Source information.
-.-.-

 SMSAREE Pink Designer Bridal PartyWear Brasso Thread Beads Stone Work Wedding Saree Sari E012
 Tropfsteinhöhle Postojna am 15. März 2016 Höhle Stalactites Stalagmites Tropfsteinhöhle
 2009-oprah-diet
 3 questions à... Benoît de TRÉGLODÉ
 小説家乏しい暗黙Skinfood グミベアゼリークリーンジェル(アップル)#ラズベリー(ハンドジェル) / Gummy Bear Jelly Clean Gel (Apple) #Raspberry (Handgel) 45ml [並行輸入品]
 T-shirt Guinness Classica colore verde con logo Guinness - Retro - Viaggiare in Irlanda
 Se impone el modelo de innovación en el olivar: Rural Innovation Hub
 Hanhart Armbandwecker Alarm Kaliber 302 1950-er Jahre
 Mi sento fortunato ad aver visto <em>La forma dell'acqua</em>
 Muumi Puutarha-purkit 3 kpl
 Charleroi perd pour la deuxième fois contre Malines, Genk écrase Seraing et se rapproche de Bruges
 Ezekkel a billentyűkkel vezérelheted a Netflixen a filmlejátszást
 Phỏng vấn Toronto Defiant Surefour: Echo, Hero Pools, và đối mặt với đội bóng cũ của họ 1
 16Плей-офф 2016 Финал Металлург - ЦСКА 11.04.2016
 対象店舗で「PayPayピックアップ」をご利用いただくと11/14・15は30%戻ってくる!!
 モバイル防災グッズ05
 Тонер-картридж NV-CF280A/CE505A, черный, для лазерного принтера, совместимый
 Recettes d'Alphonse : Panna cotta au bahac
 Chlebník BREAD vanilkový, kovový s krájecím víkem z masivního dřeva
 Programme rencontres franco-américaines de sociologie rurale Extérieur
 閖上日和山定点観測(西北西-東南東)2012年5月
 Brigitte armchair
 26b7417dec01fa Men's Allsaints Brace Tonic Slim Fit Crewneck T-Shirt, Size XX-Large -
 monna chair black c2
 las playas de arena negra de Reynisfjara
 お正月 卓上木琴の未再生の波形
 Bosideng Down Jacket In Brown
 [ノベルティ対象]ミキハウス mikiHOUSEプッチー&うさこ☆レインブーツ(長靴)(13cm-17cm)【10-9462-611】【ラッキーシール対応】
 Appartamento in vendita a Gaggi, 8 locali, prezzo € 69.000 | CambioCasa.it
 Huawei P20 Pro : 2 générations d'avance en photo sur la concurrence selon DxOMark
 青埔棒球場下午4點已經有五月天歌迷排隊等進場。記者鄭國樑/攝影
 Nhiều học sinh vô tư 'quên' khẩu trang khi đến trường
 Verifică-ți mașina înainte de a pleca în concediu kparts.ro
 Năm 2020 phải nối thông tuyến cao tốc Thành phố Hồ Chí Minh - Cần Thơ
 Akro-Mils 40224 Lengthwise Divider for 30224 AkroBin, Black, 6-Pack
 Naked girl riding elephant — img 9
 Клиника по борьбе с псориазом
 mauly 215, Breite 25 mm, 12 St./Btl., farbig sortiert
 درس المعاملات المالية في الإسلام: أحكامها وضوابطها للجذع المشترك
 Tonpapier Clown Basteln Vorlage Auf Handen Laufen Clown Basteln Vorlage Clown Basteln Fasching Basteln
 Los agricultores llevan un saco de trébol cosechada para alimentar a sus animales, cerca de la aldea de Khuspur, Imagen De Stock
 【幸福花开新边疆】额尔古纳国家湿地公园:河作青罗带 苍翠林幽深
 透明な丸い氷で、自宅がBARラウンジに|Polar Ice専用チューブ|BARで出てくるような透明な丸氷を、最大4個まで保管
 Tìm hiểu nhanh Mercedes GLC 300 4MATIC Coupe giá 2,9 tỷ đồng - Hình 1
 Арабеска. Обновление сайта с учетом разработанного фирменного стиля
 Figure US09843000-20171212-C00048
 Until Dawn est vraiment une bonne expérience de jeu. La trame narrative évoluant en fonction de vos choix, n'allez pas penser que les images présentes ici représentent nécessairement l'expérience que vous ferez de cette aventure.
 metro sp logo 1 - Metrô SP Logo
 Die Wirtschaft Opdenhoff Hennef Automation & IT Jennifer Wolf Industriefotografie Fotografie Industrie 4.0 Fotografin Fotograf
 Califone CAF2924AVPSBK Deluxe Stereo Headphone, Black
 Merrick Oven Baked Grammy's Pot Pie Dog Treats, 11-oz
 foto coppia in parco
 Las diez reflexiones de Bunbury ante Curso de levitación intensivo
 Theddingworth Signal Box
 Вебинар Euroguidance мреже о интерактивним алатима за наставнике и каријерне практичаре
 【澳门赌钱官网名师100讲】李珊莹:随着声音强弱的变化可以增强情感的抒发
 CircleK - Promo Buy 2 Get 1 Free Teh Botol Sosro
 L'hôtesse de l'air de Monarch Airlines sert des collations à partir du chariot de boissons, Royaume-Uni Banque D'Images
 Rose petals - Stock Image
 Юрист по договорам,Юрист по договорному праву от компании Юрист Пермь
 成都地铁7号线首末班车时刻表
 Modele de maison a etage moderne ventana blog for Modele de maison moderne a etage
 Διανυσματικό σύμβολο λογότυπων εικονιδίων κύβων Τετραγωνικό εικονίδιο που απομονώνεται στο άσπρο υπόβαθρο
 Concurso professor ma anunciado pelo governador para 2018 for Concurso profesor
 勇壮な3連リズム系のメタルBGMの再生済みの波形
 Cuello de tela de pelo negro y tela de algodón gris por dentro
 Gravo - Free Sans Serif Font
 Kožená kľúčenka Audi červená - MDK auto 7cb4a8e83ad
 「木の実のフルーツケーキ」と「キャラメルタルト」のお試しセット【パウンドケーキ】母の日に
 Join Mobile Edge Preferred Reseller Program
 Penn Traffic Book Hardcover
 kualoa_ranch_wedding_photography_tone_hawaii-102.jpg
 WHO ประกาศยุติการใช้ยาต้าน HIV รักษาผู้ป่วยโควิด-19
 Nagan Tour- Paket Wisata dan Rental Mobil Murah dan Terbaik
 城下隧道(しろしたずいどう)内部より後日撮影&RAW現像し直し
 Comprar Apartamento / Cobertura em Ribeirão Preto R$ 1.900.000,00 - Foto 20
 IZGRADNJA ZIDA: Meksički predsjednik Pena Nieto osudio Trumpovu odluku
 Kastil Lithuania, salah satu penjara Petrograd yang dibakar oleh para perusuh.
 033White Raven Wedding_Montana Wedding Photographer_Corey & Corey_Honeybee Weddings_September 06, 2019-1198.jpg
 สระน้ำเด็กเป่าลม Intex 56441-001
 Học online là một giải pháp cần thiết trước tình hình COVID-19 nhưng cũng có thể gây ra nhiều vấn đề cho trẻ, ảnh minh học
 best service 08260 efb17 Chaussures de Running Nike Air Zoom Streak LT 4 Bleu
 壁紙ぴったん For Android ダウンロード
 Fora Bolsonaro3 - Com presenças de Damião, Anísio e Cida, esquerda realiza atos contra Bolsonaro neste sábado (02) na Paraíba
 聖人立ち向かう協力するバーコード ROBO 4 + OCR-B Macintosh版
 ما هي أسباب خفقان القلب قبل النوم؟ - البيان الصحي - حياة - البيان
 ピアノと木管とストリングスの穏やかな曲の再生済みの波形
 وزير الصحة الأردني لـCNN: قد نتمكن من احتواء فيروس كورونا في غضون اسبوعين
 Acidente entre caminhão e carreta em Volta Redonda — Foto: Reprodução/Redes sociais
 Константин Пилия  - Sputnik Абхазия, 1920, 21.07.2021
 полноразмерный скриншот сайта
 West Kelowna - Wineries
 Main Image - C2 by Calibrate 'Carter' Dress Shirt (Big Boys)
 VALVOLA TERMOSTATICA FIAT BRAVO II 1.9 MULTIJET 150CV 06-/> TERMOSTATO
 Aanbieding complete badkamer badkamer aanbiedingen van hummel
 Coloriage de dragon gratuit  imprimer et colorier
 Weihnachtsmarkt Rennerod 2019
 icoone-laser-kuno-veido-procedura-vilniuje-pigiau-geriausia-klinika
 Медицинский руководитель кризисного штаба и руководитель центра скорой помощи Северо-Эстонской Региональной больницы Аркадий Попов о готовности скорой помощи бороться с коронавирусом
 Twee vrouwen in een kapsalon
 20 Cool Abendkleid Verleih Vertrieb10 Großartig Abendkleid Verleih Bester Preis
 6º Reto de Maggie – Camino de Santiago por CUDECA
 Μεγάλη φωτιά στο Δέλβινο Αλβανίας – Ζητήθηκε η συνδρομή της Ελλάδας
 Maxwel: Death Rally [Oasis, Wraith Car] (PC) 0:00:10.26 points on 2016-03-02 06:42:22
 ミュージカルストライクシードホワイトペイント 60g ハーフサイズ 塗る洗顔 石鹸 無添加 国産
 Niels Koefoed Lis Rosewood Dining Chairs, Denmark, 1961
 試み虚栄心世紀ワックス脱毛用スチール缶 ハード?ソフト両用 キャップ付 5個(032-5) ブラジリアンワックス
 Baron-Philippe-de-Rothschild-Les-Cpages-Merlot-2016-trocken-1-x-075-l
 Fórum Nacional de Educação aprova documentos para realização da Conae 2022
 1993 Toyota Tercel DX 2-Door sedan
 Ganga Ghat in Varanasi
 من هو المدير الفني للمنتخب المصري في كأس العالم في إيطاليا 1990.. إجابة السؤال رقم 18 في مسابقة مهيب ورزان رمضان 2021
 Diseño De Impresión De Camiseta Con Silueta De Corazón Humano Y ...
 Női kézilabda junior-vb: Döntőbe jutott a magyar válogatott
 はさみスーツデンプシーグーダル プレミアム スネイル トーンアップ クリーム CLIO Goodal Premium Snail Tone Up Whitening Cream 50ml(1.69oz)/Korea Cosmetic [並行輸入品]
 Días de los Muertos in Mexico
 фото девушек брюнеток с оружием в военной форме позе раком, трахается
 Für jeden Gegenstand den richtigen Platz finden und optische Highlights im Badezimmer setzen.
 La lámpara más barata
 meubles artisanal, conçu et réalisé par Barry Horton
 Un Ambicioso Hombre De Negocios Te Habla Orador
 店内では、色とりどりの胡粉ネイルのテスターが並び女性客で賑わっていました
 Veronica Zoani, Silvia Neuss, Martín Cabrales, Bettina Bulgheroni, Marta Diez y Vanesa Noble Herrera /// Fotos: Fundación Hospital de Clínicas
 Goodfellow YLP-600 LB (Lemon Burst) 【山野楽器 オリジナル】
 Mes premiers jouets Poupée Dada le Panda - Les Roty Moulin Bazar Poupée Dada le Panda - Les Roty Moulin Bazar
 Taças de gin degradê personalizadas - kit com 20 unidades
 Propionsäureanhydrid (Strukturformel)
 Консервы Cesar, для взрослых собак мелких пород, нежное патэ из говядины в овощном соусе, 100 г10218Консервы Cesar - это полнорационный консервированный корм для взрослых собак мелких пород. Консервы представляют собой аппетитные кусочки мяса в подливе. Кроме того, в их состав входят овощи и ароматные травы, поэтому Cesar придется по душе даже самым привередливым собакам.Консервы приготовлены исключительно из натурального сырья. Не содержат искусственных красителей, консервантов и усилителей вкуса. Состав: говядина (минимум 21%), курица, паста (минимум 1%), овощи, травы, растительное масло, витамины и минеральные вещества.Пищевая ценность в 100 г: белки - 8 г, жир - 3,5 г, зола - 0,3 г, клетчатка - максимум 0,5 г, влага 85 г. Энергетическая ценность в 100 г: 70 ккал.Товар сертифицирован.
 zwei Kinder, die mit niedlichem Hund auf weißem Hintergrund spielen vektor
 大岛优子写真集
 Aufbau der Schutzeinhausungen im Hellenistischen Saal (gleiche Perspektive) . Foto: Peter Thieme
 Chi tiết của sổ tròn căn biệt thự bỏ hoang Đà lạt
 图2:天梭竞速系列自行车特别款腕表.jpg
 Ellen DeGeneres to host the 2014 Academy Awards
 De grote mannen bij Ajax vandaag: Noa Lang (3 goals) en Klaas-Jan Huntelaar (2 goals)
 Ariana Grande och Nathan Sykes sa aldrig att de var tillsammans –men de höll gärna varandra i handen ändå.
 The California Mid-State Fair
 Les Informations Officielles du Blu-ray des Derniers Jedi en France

-.-.-

Within the entries above, find each line where "Free" appears; copy every one.

 CircleK - Promo Buy 2 Get 1 Free Teh Botol Sosro
 Gravo - Free Sans Serif Font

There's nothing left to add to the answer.